Column Management in CustomDataFrame

This guide covers how to work with columns in CustomDataFrame, including adding, removing, and managing column types.

Understanding Column Specifications (colspecs)

CustomDataFrame organizes columns into different types based on their purpose:

Input Types (Immutable): Read-only data that shouldn’t be modified after loading. Types: input, data, constants, global_consts
Output Types (Mutable, Written to Files): Data that will be written to output files. Types: output, writedata, writeseries, parameters, globals
Cache Types (Mutable, Temporary): Intermediate calculations that don’t need to be saved. Types: cache, series_cache, parameter_cache, global_cache
Parameter Types (Global Values): Values that are globally valid without an index. Types: parameters, globals, parameter_cache, global_cache
Series Types (Multiple Rows Per Index): Data that may have multiple rows with the same index value. Types: series, writeseries, series_cache

Adding Columns

Method 1: Direct Assignment (Recommended for Quick Operations)

The simplest way to add a column is through direct assignment:

import pandas as pd
from lynguine.assess.data import CustomDataFrame

# Create a dataframe
df = CustomDataFrame(pd.DataFrame({'A': [1, 2, 3]}))

# Add a column using direct assignment (goes to 'cache' by default)
df['B'] = [4, 5, 6]

# You can also use pandas Series
df['C'] = pd.Series([7, 8, 9], index=df.index)

Direct assignment automatically adds the column to the cache colspec type, making it mutable but not saved to output files.

Method 2: add_column() Method (Recommended for Explicit Type Control)

Use add_column() when you need explicit control over the column type:

# Add a column with default type (cache)
df.add_column('new_col', [10, 11, 12])

# Add a column as output type (will be written to files)
df.add_column('result', [13, 14, 15], colspec='output')

# Add a parameter (global value)
df.add_column('threshold', [0.5, 0.5, 0.5], colspec='parameters')
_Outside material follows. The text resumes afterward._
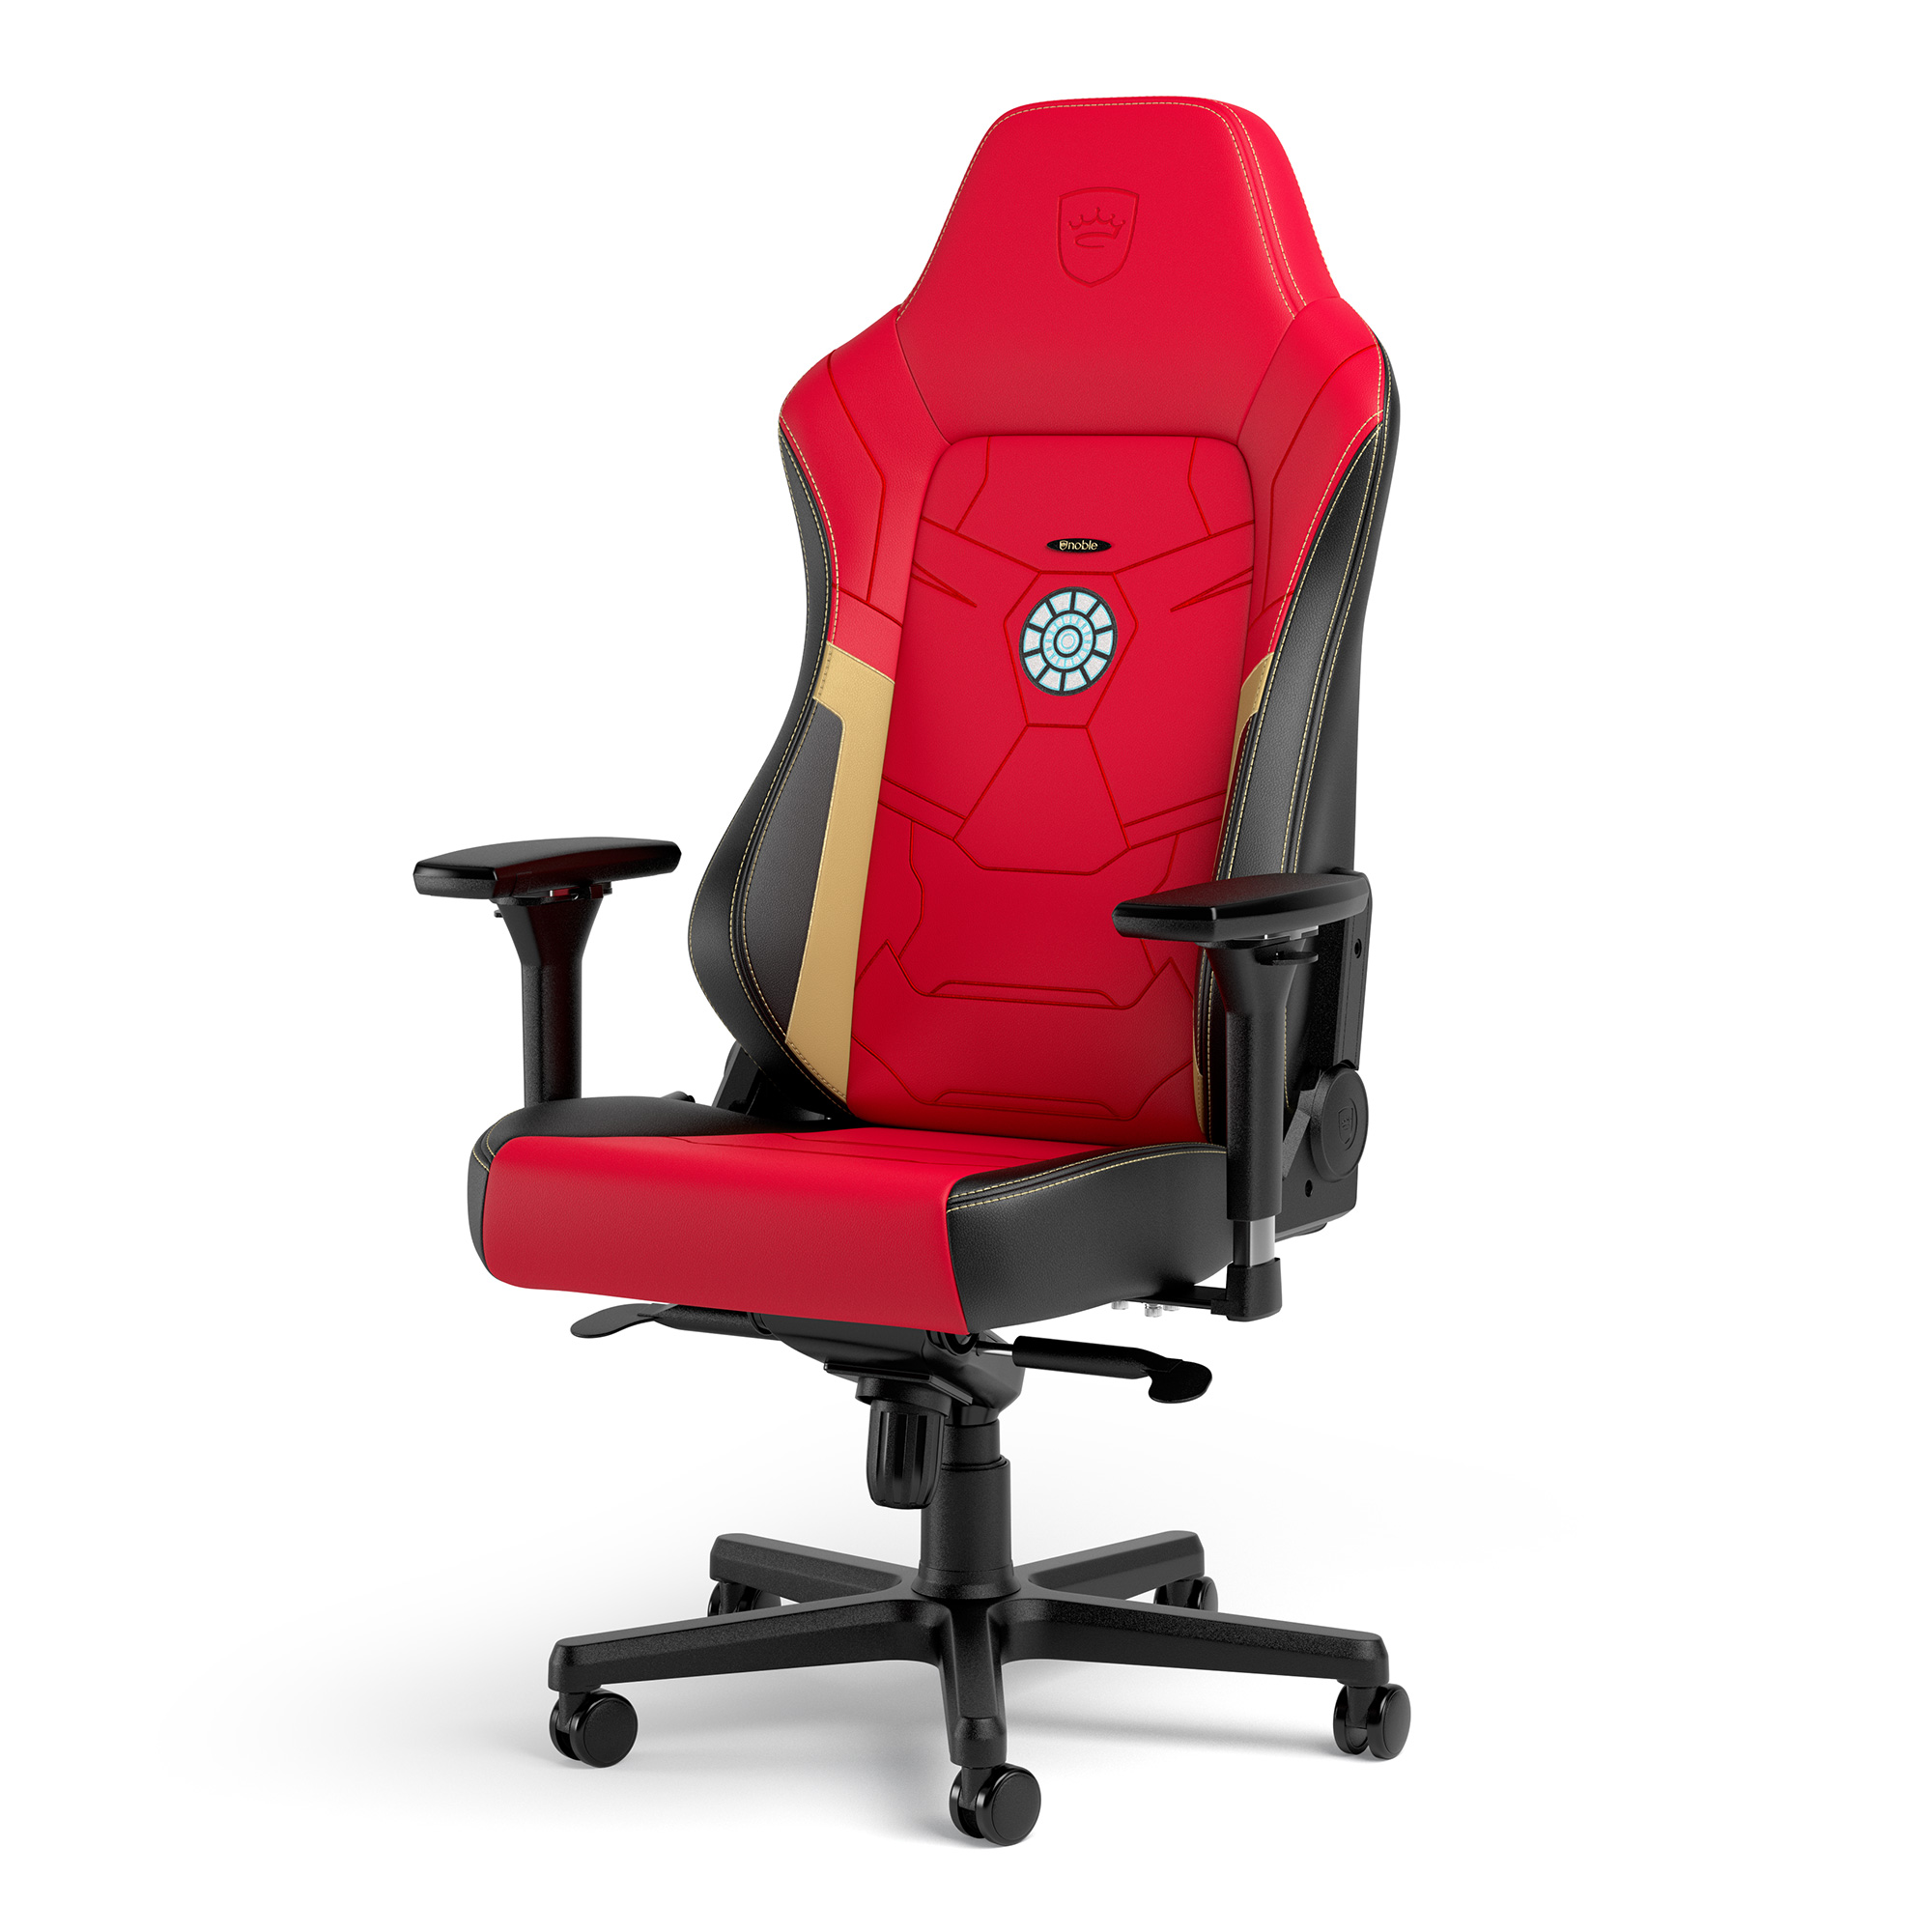 noblechairs - noblechairs HERO Gaming Chair - Iron Man Edition

Advantages of add_column():

Explicit type specification
Validation that column doesn’t already exist
Validation that colspec type is valid
Self-documenting code

Removing Columns

Use the drop_column() method to remove columns:

# Drop a single column
df.drop_column('unwanted_col')

# The column is removed from both the data and column specifications

Note: This permanently removes the column. There is no undo.

Common Patterns

Pattern 1: Pre-creating Columns for Compute Operations

Some compute operations expect columns to exist:

# Pre-create columns that compute operations will populate
df['word_count'] = None
df['sentiment_score'] = None

# Then run compute operations that fill these columns
df.compute.run()

Pattern 2: Converting Column Types

To move a column to a different colspec type:

# Save the data
col_data = df['temp_col']

# Drop from current location
df.drop_column('temp_col')

# Re-add with new type
df.add_column('temp_col', col_data, colspec='output')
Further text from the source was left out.